Lo que ha cambiado -dice Umberto Eco en otro de sus artículos- es que la gente del pasado quería ser conocida por ser la mejor bailarina, el hombre más fuerte de todo el pueblo, o la señora más gentil de toda la colonia. Había una diferencia entre ser famoso y "estar en boca de todos". Nadie quería, por el contrario, ser reconocido como el "cornudo del barrio, el impotente declarado o la puta más irrespetuosa". Hoy en día, la distinción entre ser famoso y estar en boca de todos, se ha disipado. Basta asomarse a las redes sociales para constatar esta aseveración.
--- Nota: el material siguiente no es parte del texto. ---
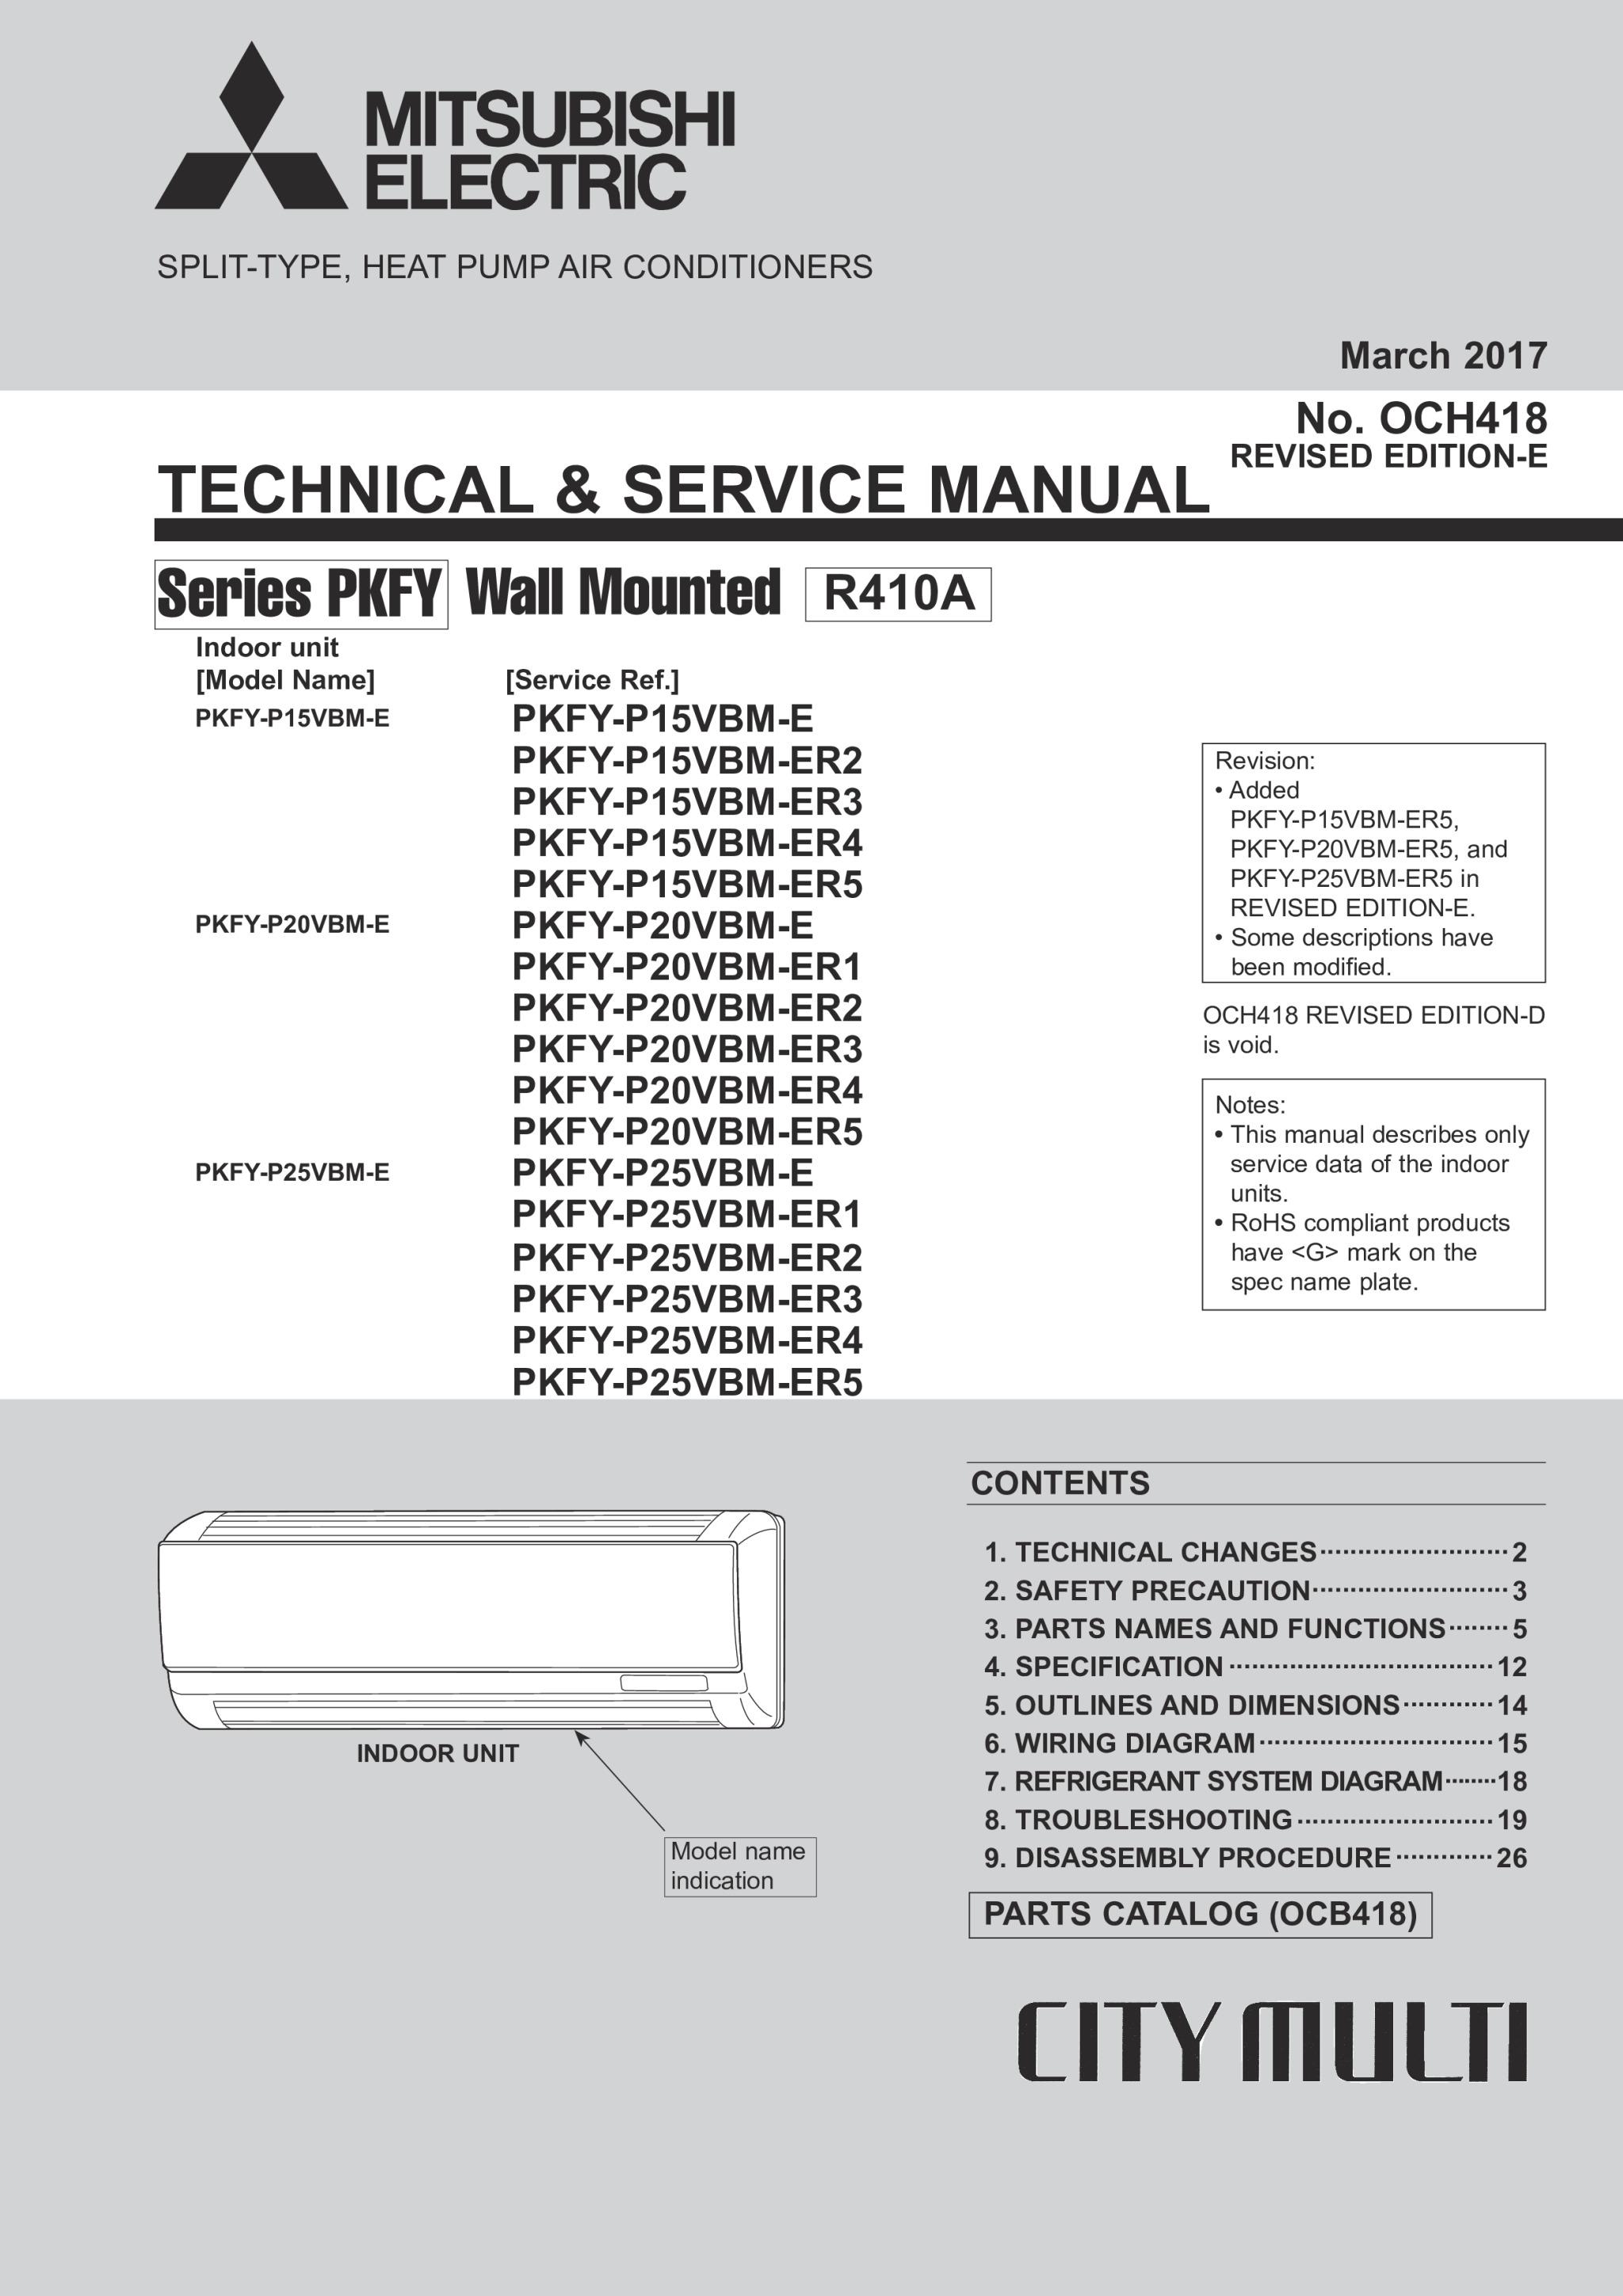 39a3b9 mitsubishi city multi service manual   wiring library  wiring library

Para las personas de nuestra generación, Twitter, lejos (y tan cercano) de los embates políticos y de las fake news, se ha convertido en la red social de la desnudez y la pérdida de la privacidad. Ahí hemos hecho de los 280 caracteres un lugar virtual en el que podemos desvelar nuestros sentimientos a la manera de un diario, la ira que nos causa el profesor que solo enseña por cobrar, o la tristeza que nos provoca un equipo de fútbol. La hipótesis que aventuró Javier Marías conversando con Umberto Eco, es que en el pasado, Dios existía como un testigo al cual recurrir en caso de sentirnos solos o de suceder alguna injusticia. Pensemos en la abuelita que se quejaba de sus nietos malagradecidos que no la visitaban, en una oración todas las noches antes de dormir; de la esposa que le pedía a su Señor que vigilara la bragueta del pantalón de su marido; en el niño que murmuraba <<Dios mío si la maestra se enferma por una semana te prometo que ya no diré groserías>>.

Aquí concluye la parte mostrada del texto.